◆ TASK OBJECTIVE ◆
Your task is to repeat exactly the lines below between the line holding "Zuby_Tech on Plus" and the line holding "Мягкая игрушка ручной", inclusive, and only those.
─── EXCERPTED RECORDS ───
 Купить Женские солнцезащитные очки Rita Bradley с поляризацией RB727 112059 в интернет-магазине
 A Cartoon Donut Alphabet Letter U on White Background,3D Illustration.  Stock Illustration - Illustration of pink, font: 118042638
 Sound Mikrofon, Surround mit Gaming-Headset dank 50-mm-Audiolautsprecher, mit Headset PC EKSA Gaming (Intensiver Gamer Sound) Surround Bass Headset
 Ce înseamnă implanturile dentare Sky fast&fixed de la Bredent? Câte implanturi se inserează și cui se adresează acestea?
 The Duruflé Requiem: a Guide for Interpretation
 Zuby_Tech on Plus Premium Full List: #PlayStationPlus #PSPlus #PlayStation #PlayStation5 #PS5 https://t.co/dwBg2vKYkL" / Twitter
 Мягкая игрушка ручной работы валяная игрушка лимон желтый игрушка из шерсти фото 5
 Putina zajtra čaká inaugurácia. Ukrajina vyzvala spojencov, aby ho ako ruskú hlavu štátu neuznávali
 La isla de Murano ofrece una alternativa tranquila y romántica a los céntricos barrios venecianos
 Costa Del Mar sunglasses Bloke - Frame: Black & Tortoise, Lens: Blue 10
───
◆ THE ANSWER ◆
 Zuby_Tech on Plus Premium Full List: #PlayStationPlus #PSPlus #PlayStation #PlayStation5 #PS5 https://t.co/dwBg2vKYkL" / Twitter
 Мягкая игрушка ручной работы валяная игрушка лимон желтый игрушка из шерсти фото 5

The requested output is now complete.